Rest assured that we are committed to making your audit as efficient and cost-effective as possible while causing minimum disruption to you and your staff. 

Why conduct a data audit? 

The primary reason to conduct a data protection audit is to discover if your business is currently abiding by GDPR laws. An important first step towards GDPR compliance is for a business to determine what data they hold. A data audit will establish: 

• The reason you are collecting personal data 

• What personal data you are collecting 

• How that data is being stored and processed 

• Whether (or not) you are processing that data legally 

Conducting a thorough data audit will provide your business with the information it needs to identify weaknesses in your GDPR processes, areas that need to be changed or practices which may not be necessary.  

Does my business need a GDPR audit? 

If your business intends to follow GDPR rules and laws, then carrying out a comprehensive privacy audit is crucially important. A data audit is the best way for a business to establish their compliance with GDPR laws. 

Six Data Protection Principles are outlined: 

• Lawfulness, transparency, and fairness

• Purpose limitation 

• Data Minimisation 

• Accuracy 

• Storage limitation 

• Integrity and confidentiality   

You must obtain, store and process personal data only in a legal manner. Personal data must be stored no longer than is necessary. Data must be collected for a specified purpose and held only long enough to achieve that purpose. The data you hold must be accurate and you have an obligation to update or remove data that is inaccurate. The data you hold must be protected against unlawful usage or accidental loss. Appropriate methods must be used to securely maintain the data that you hold. 

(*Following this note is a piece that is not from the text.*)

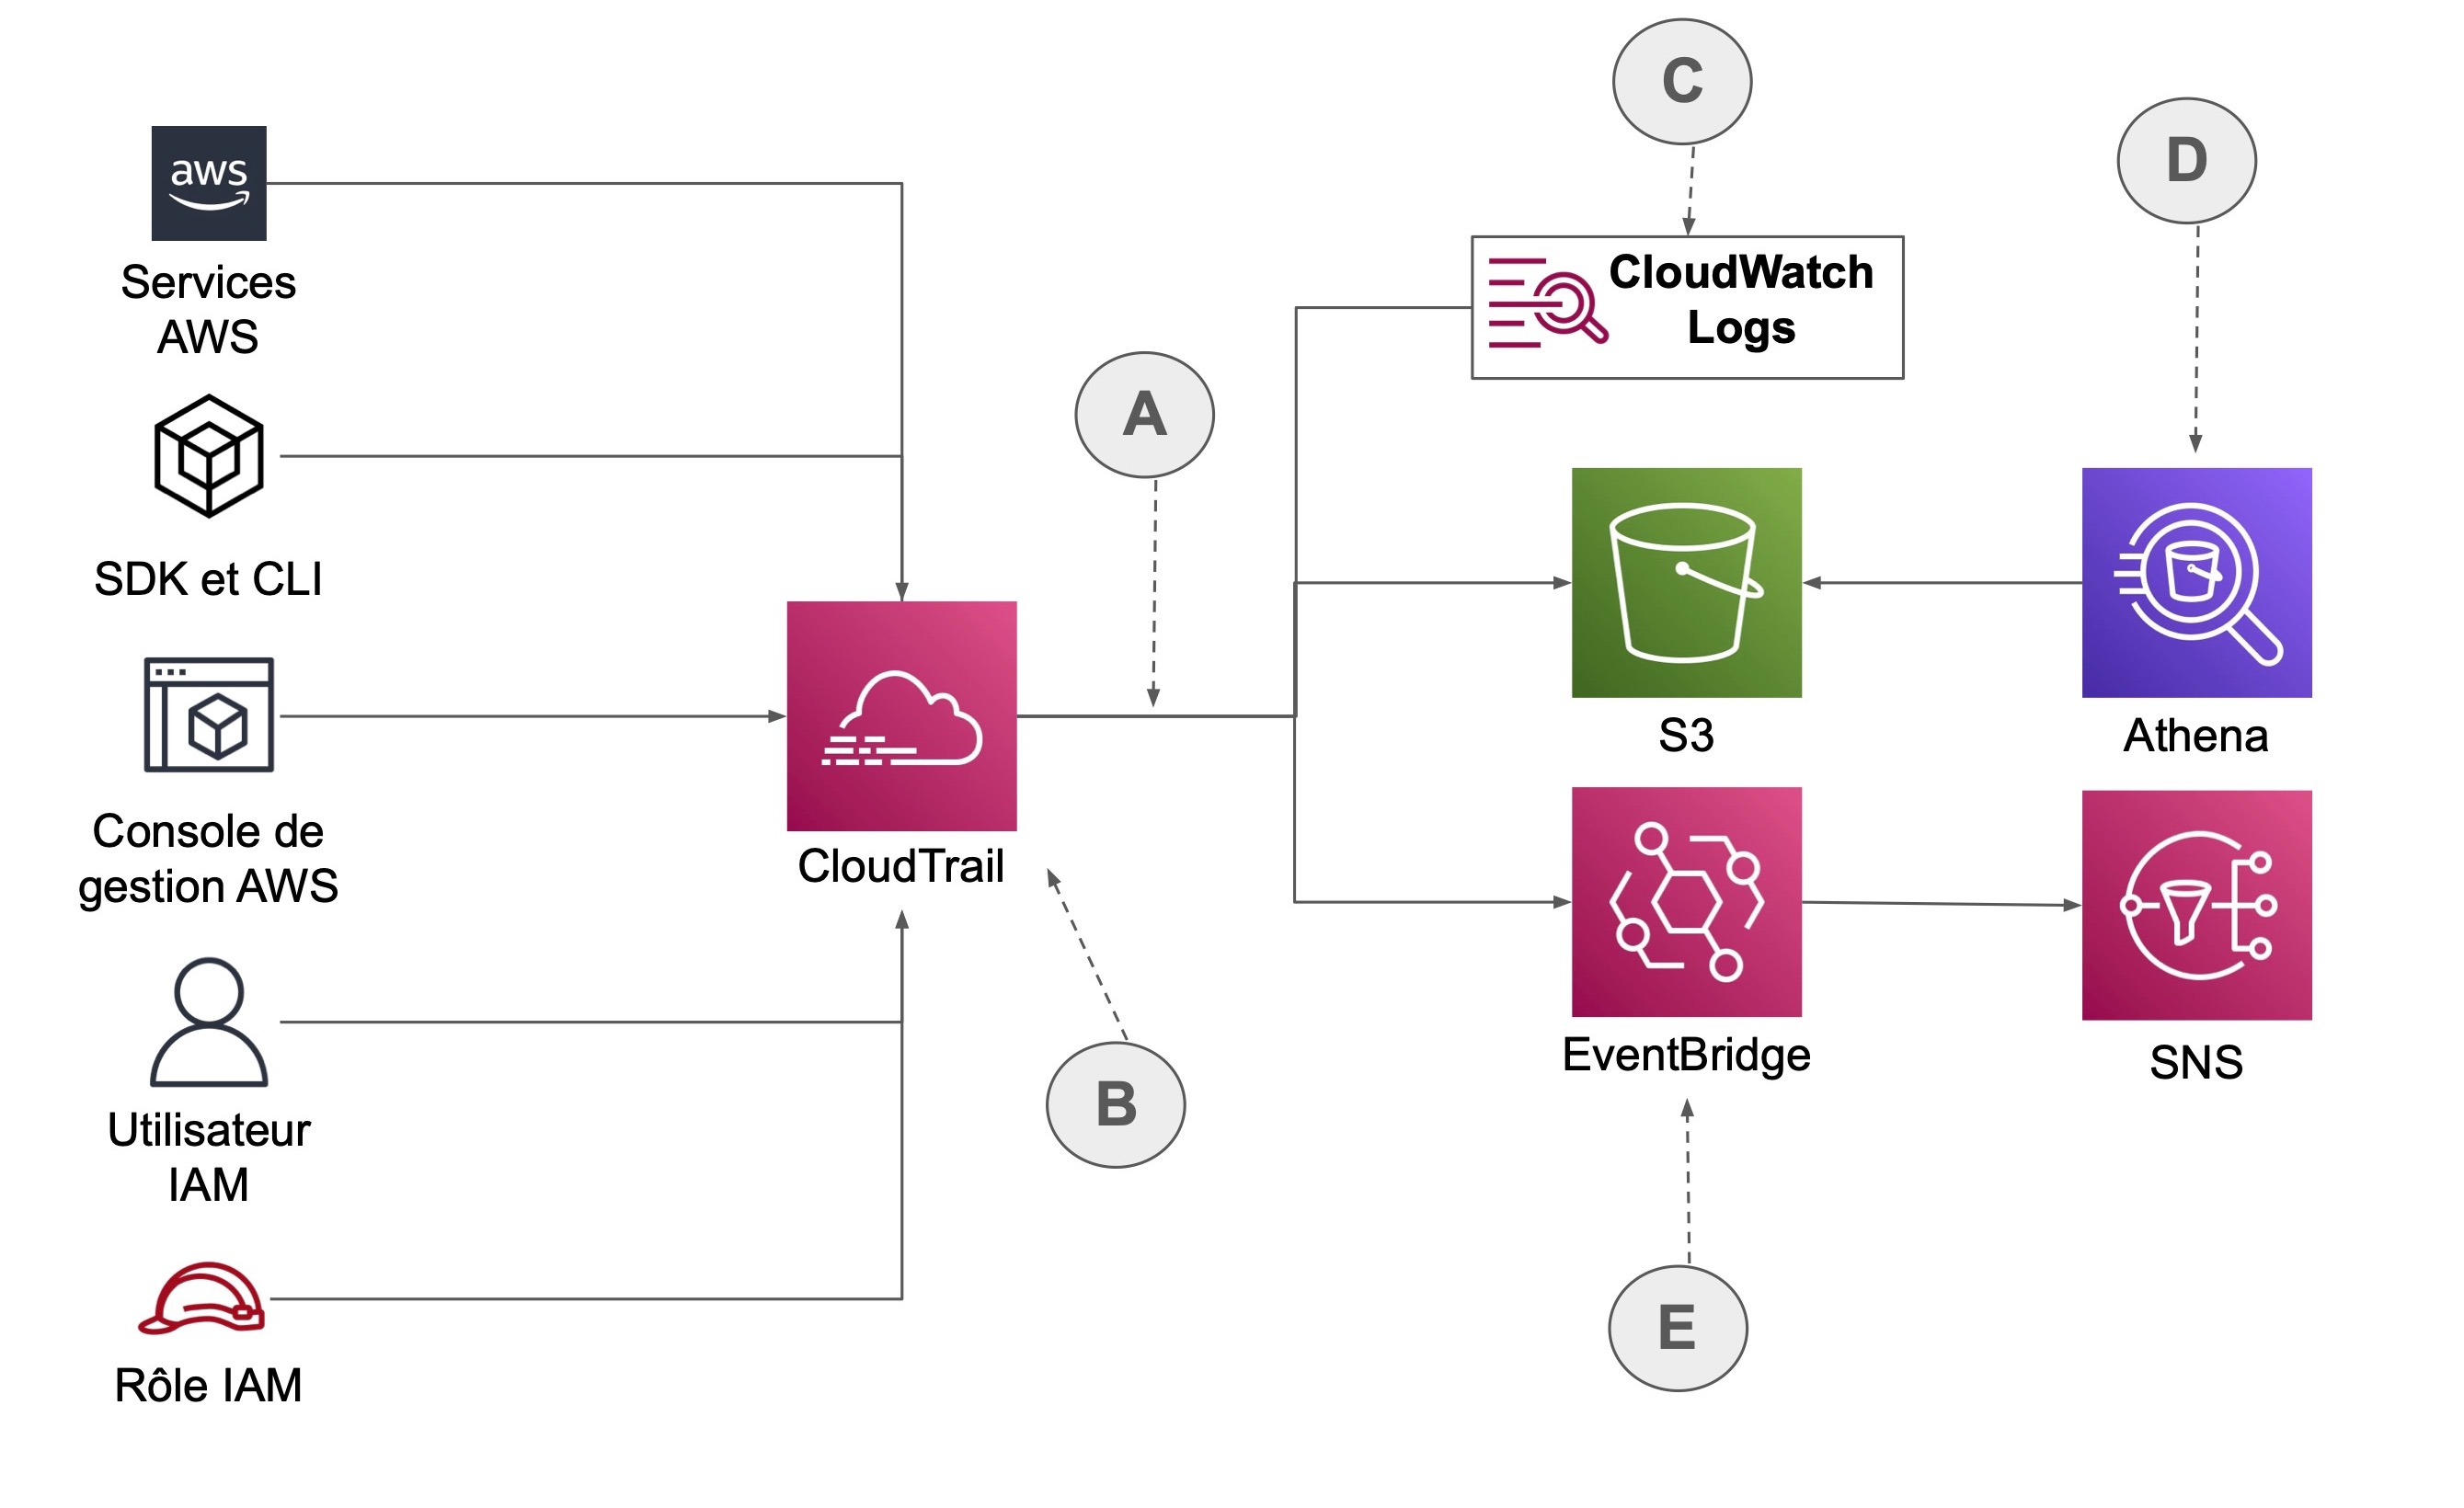 Les chemins mènenes de Services AWS, SDK et CLI, Console de gestion AWS, utilisateurs IAM et Rôle IAM vers CloudTrail (B), puis le chemin continue (A) vers CloudWatch Logs (C), S3 qui interagit avec Athena (C) et EventBridge (E) qui interagit avec SNS
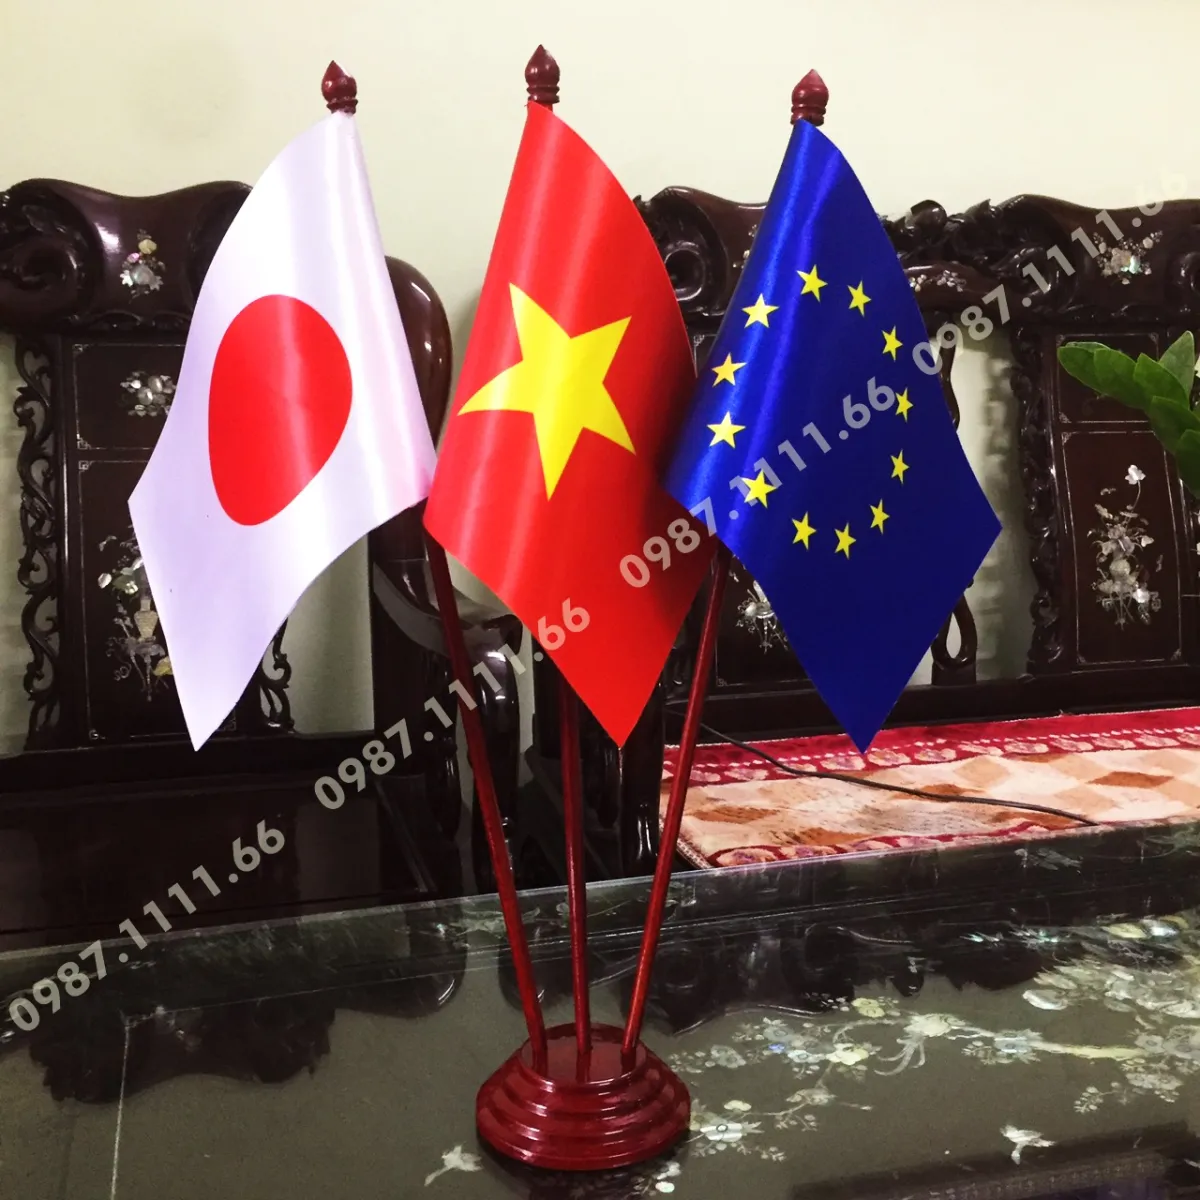 Đế cờ gỗ 3 cờ Nhật Bản Việt Nam EU: Đế cờ gỗ 3 cờ Nhật Bản Việt Nam EU là một sản phẩm độc đáo thể hiện sự kết nối, hợp tác giữa ba vùng lãnh thổ. Sản phẩm này được chế tác bởi những nghệ nhân tài ba, kết hợp giữa mỹ thuật truyền thống và kỹ thuật hiện đại. Với chất liệu gỗ cao cấp và thiết kế đầy sáng tạo, đế cờ này trở thành một món quà tuyệt vời cho những người yêu quý và quan tâm đến văn hóa, lịch sử và quan hệ đối ngoại giữa Nhật Bản, Việt Nam và EU.

A professional data audit will determine if you are doing everything correctly and lawfully.

What penalties do I risk by not being GDPR-compliant?

Not complying with GDPR data protection laws can have serious legal consequences including significant fines.  

Must small businesses comply with GDPR? 

If your business processes personal data then you will need to be fully compliant with GDPR, regardless of your size.     

Post Brexit GDPR - must I still comply? 

UK businesses will still have to comply with GDPR laws even after leaving the EU. Existing data protection legislation has been merged with new regulations to create a new ‘UK GDPR’ framework. The best thing for any business to do is to follow good practices on data security to protect its individual data subjects, as well as itself.

Is a data audit a legal requirement? 

No, the GDPR does not legally require a business to complete a data audit. An audit, however, is the only way of knowing if your business is compliant. You must have lawful reasons for obtaining and storing personal data, and you must do so in an appropriate legal manner. An audit will help you assess and strengthen your GDPR processes (and thus avoid a heavy fine for non-compliance). 

Is a data audit difficult? 

An audit should be straightforward in most cases. The first audit will usually be the most difficult as data management will need to be mapped out. Further data protection checks will need to be undertaken periodically.  

A data auditor will ask several questions to obtain information necessary for the audit, including, but not limited to: 

• What personal data does your company gather and store? 

• How is the data collected? 

• Why do you need to possess this data? 

• How is the data stored? 

• How is it secured? 

• How long is it kept? 

• How is the data used? 

What data is protected by GDPR? 

Data protection applies to personal and sensitive data. Some examples include: 

• Bank details 

• Names  

• Addresses 

• Email addresses 

• Phone numbers 

• Date of birth 

• Employment details 

• Sexual orientation 

• Religious beliefs 

• Political views 

Personal data is information that relates to a person (a data subject) - not a company.  

Why should I use a professional GDPR data auditor? 

Putting your GDPR audit into the hands of an expert will ensure that a thorough and professional job will be done.  An expert will perform an objective assessment of your business regarding your data protection needs.  

• We guarantee minimum disruption to your business. 

• We will work with you and your staff to suit your schedule. 

• Our GDPR consultants will tailor your GDPR strategy to create a personalised plan of action. 

• Staff training can be provided so that the importance of data protection is understood, and costly errors are avoided. 

We offer a service that is cost-effective and time efficient. 

We will ensure your business achieves the necessary level of GDPR compliance and is able to easily maintain that legal status going forward. 

Objectivity means that your business will be assessed in the same way that a regulatory body would conduct a review. Our experts know exactly what is needed to establish and maintain your GDPR compliance. An external GDPR audit demonstrates that you have taken steps to ensure that your business is compliant. It shows that you take your GDPR obligations seriously.  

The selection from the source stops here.